- [PROBLEM DESCRIPTION] Omit every picture and return the rest of the data unaltered.

- [GIVEN DATA]
════
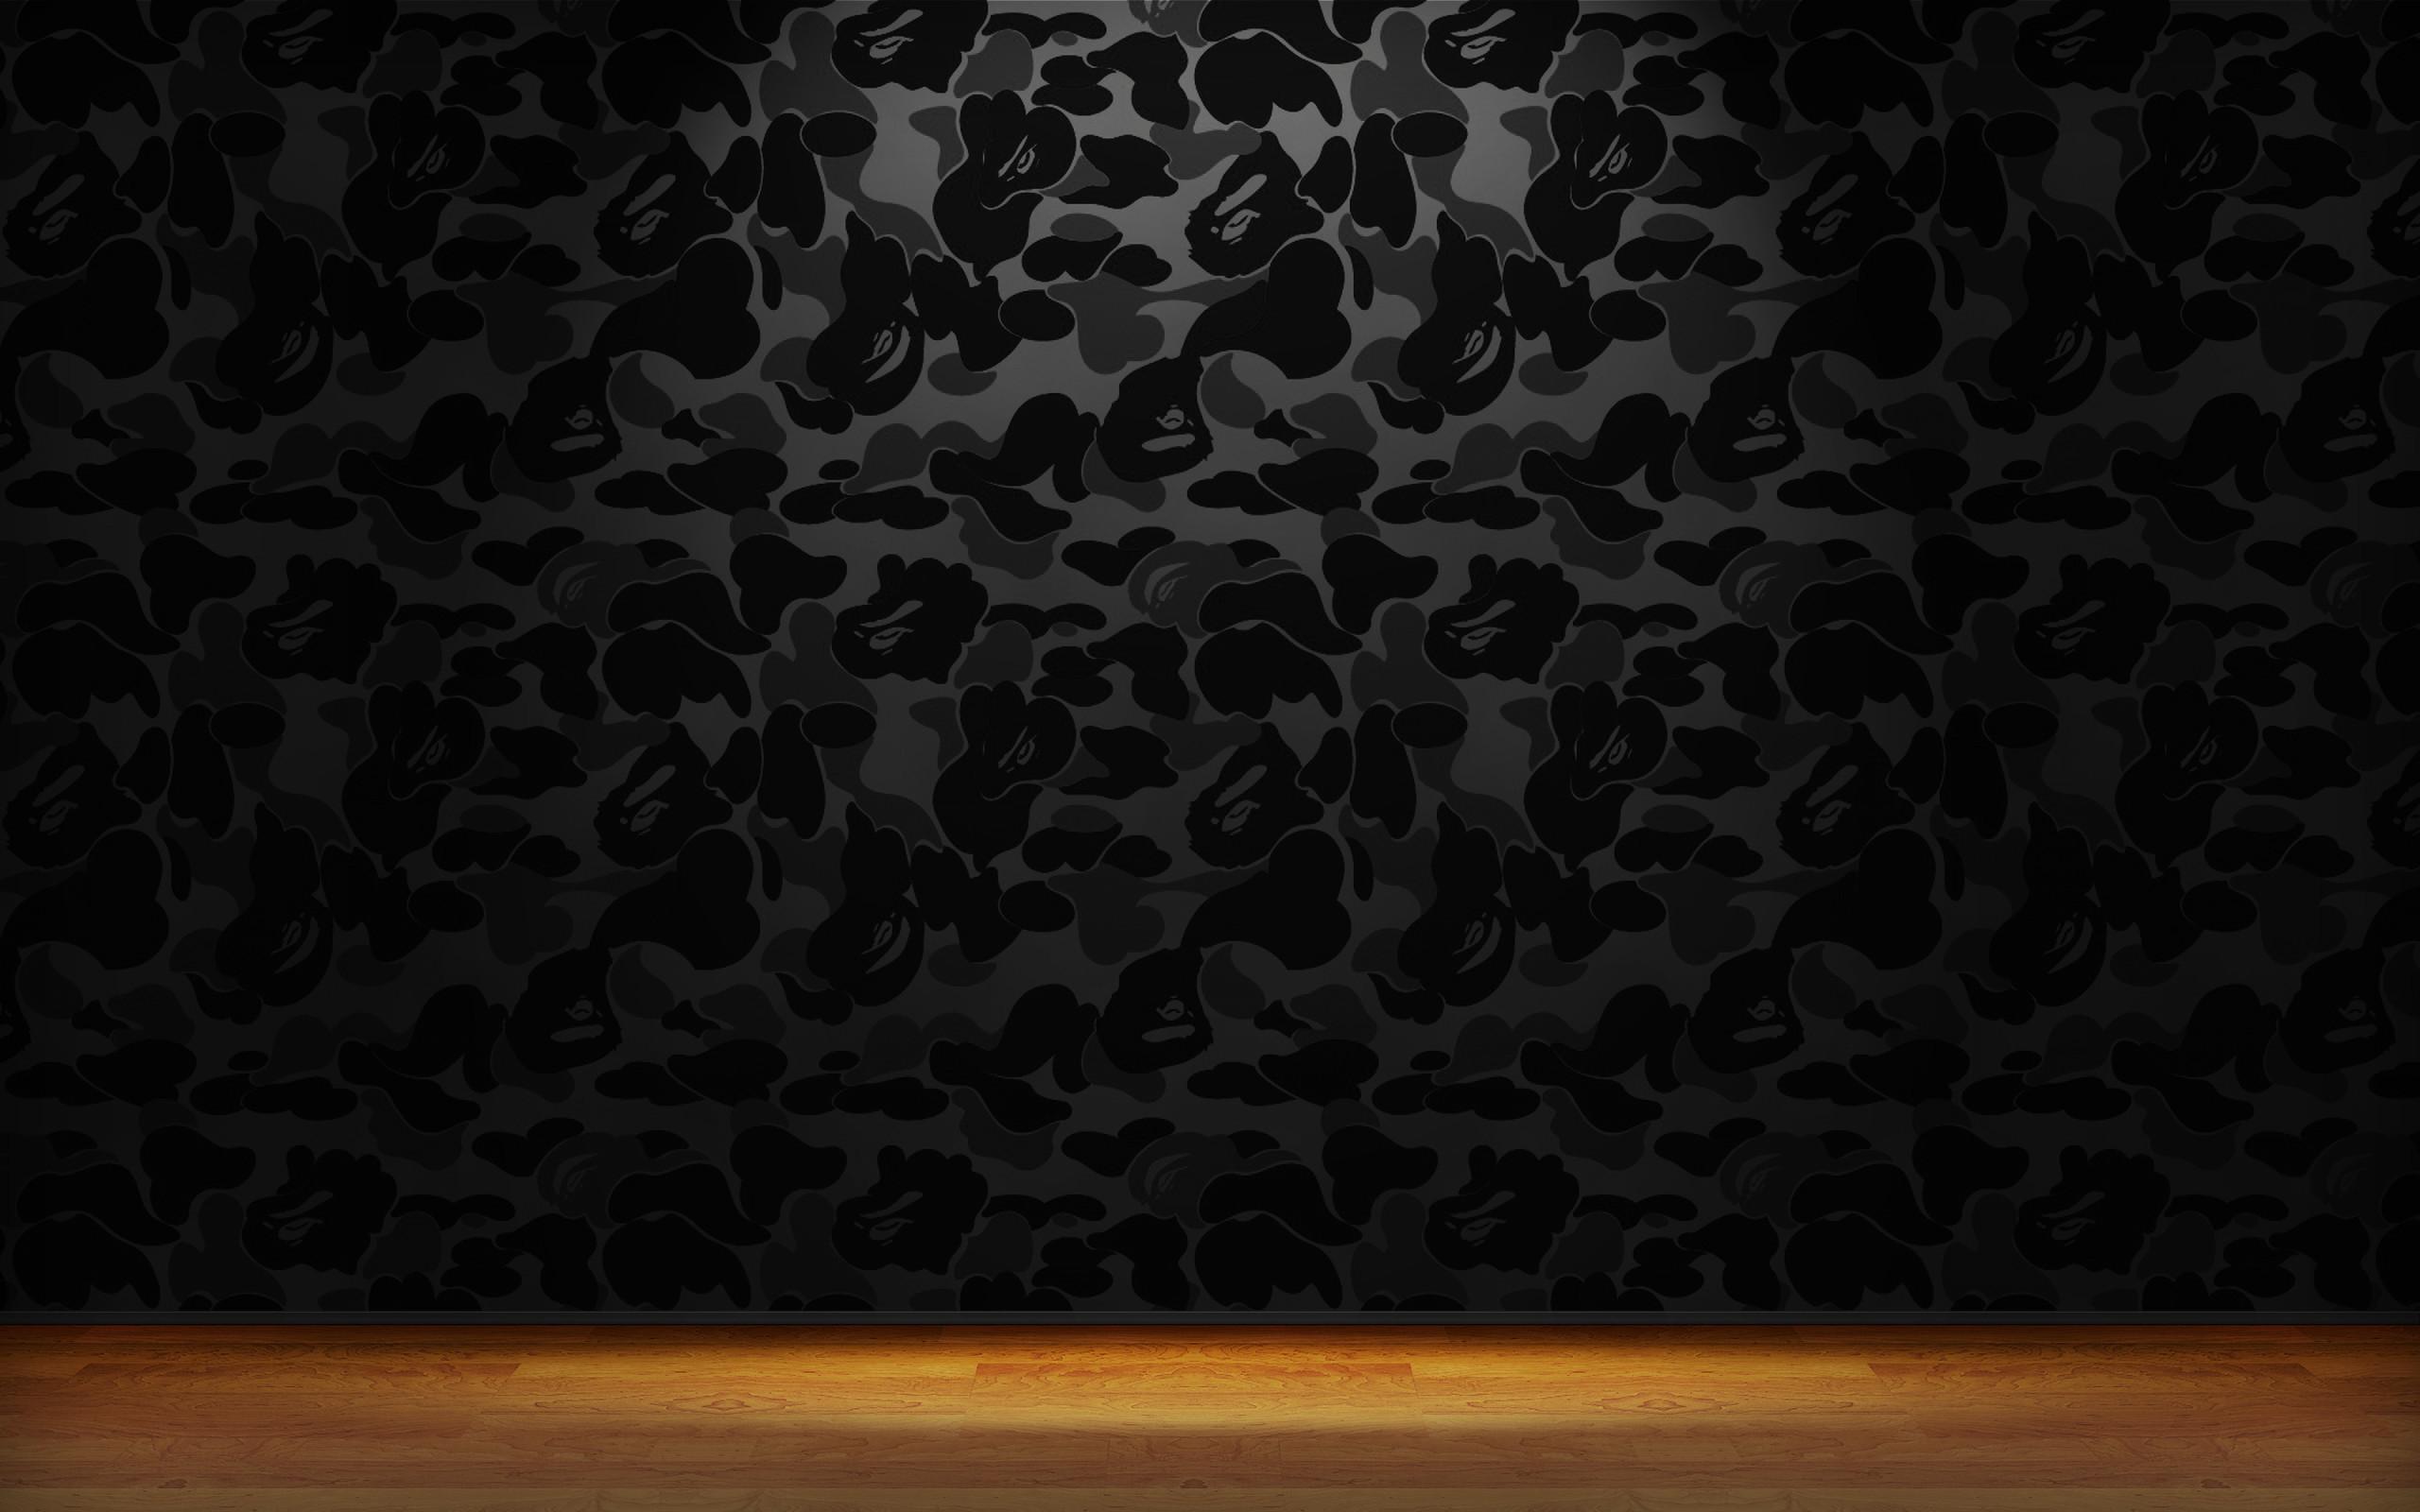 Bape Wallpaper Bape unbricked by
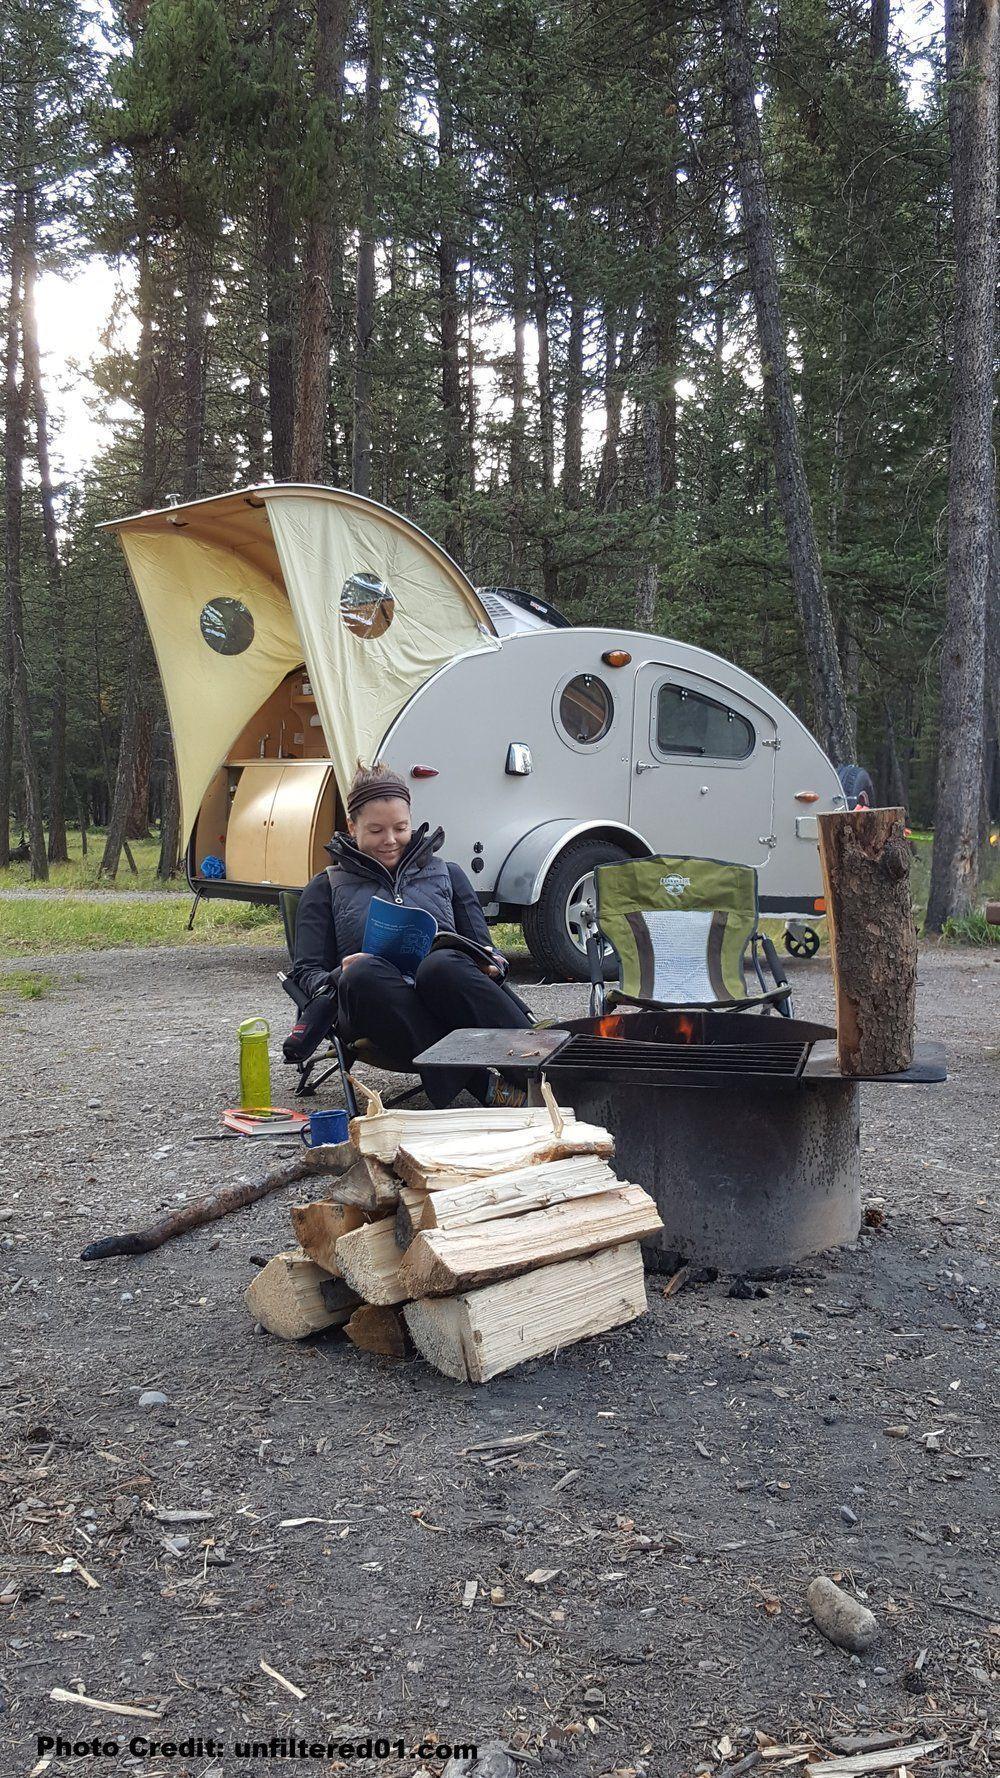 20 Coolest Diy Camper Trailer Ideas | Camperism -  20 Coolest Diy Camper Trailer Ideas | Camperism
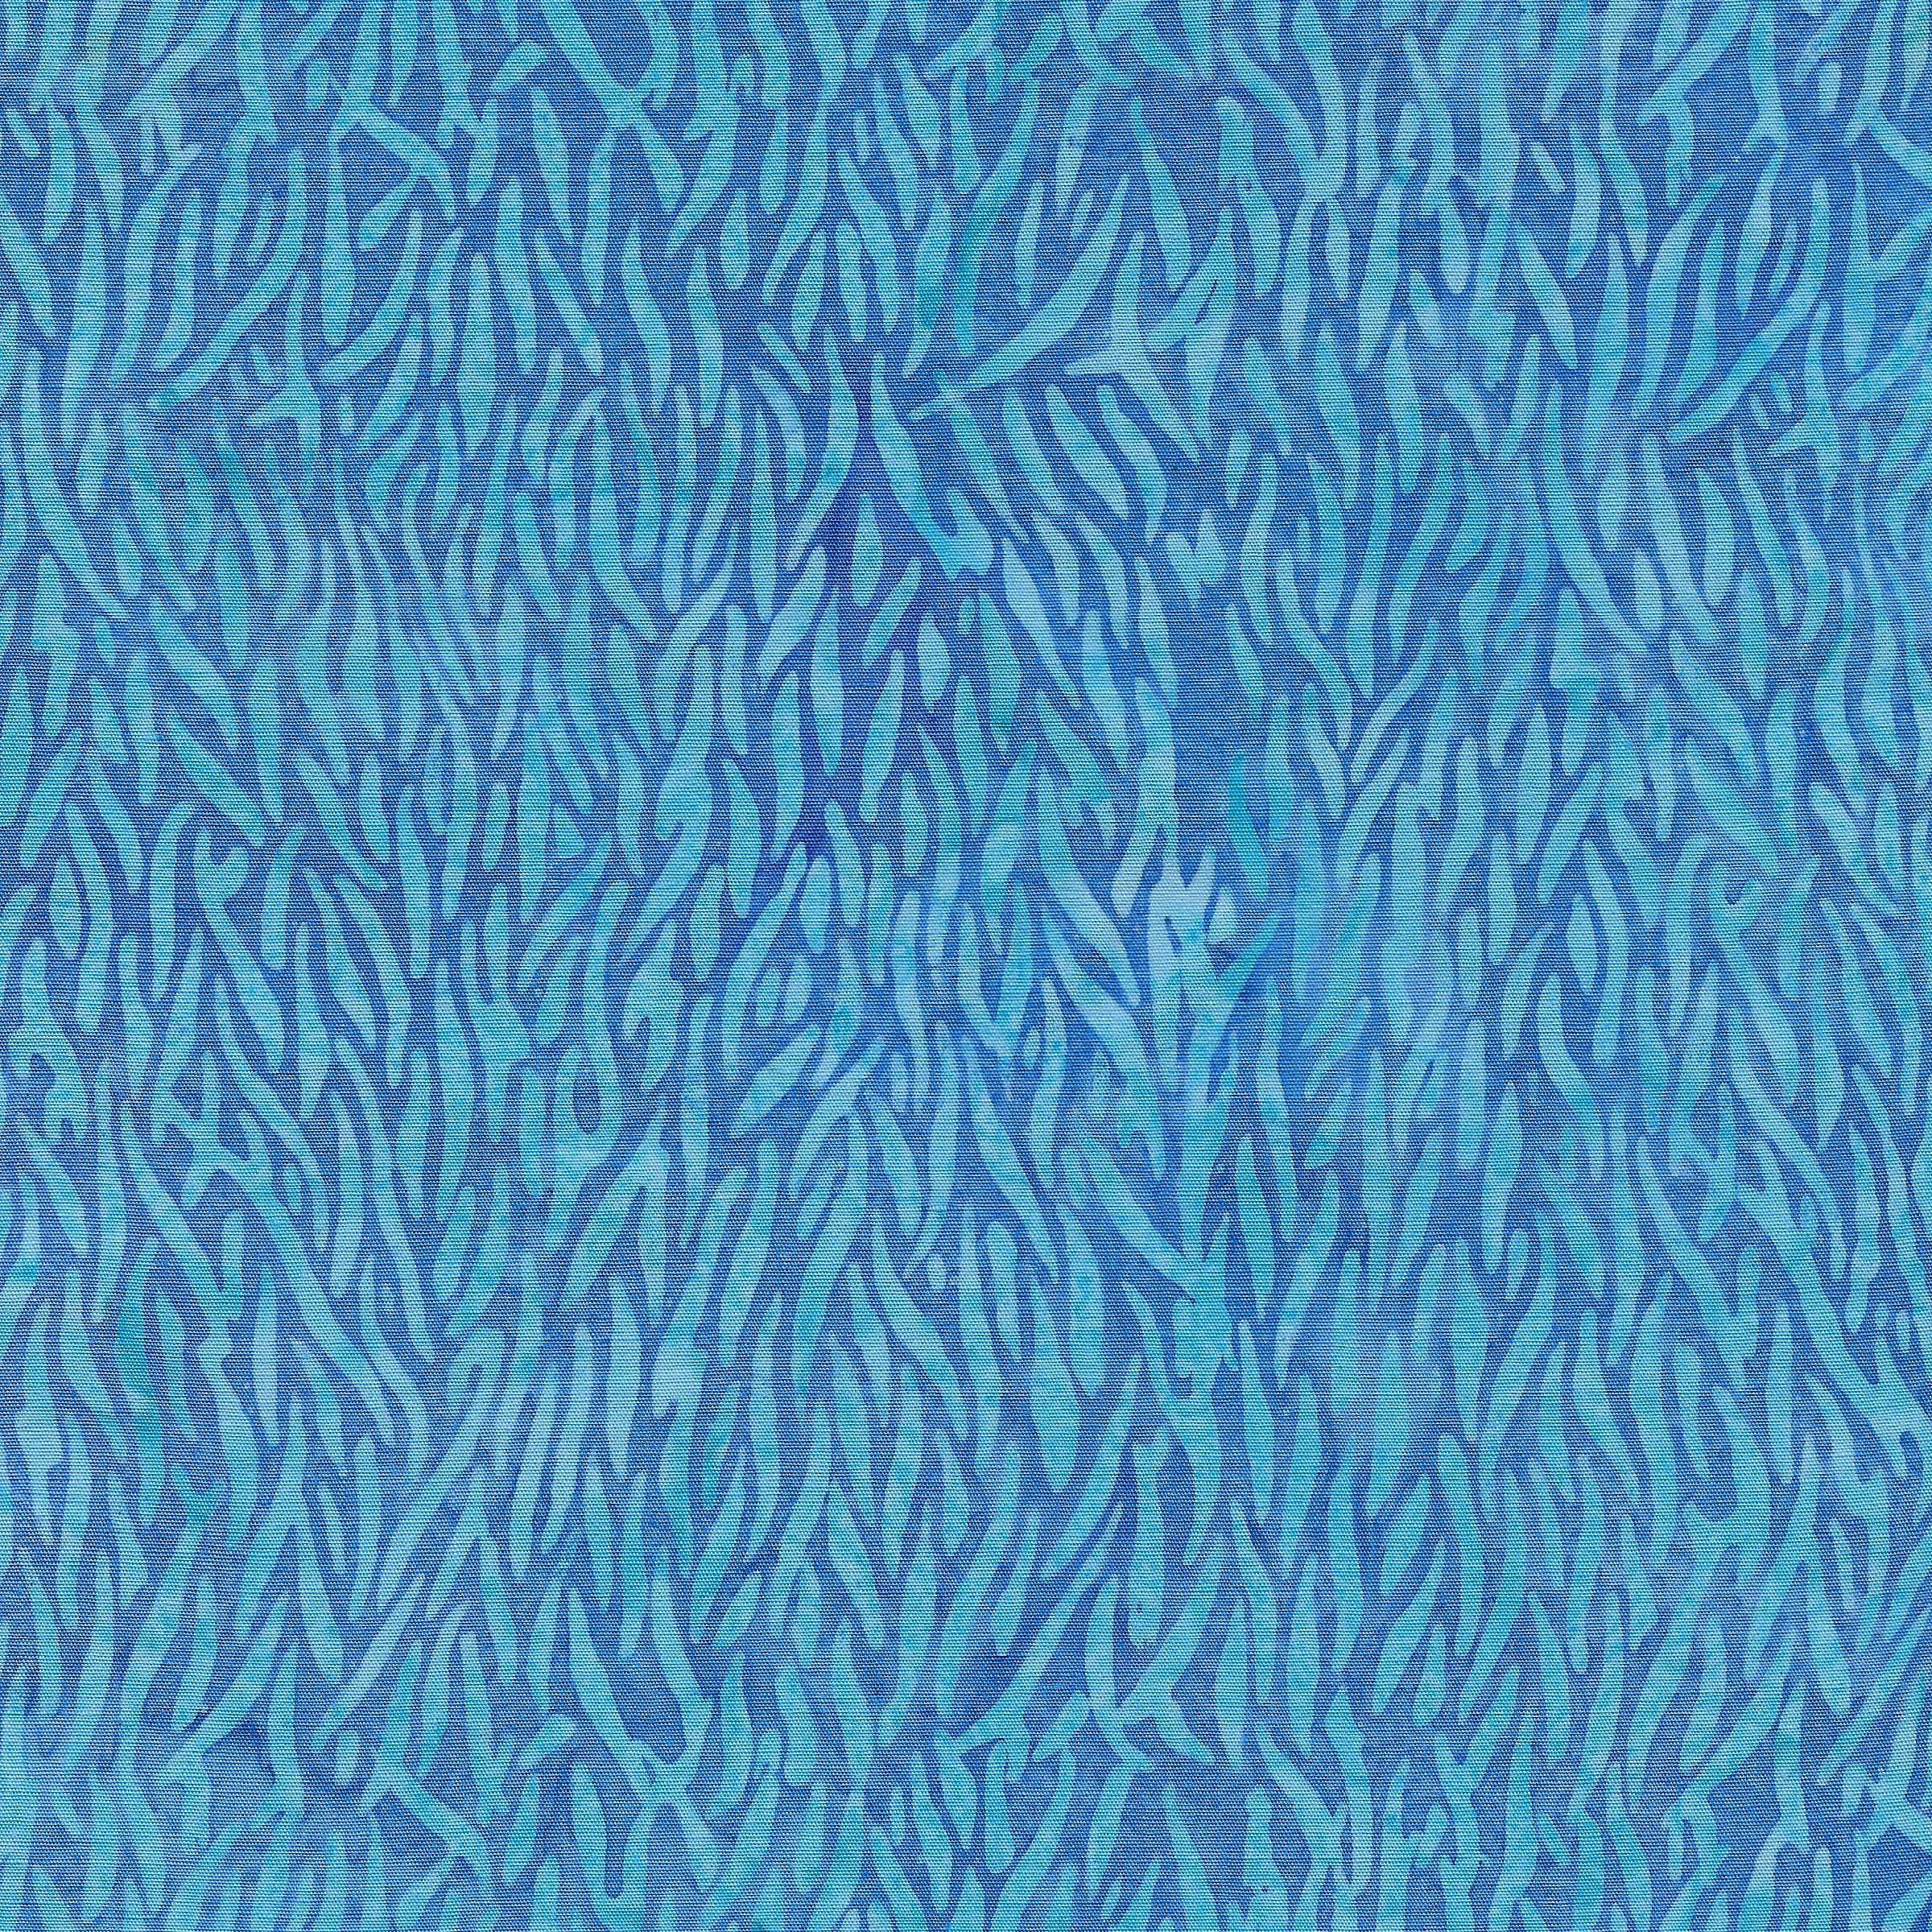 111901523 / Kelp-Surf
════
- [TASK RESPONSE]
 Bape Wallpaper Bape unbricked by
 20 Coolest Diy Camper Trailer Ideas | Camperism -  20 Coolest Diy Camper Trailer Ideas | Camperism
 111901523 / Kelp-Surf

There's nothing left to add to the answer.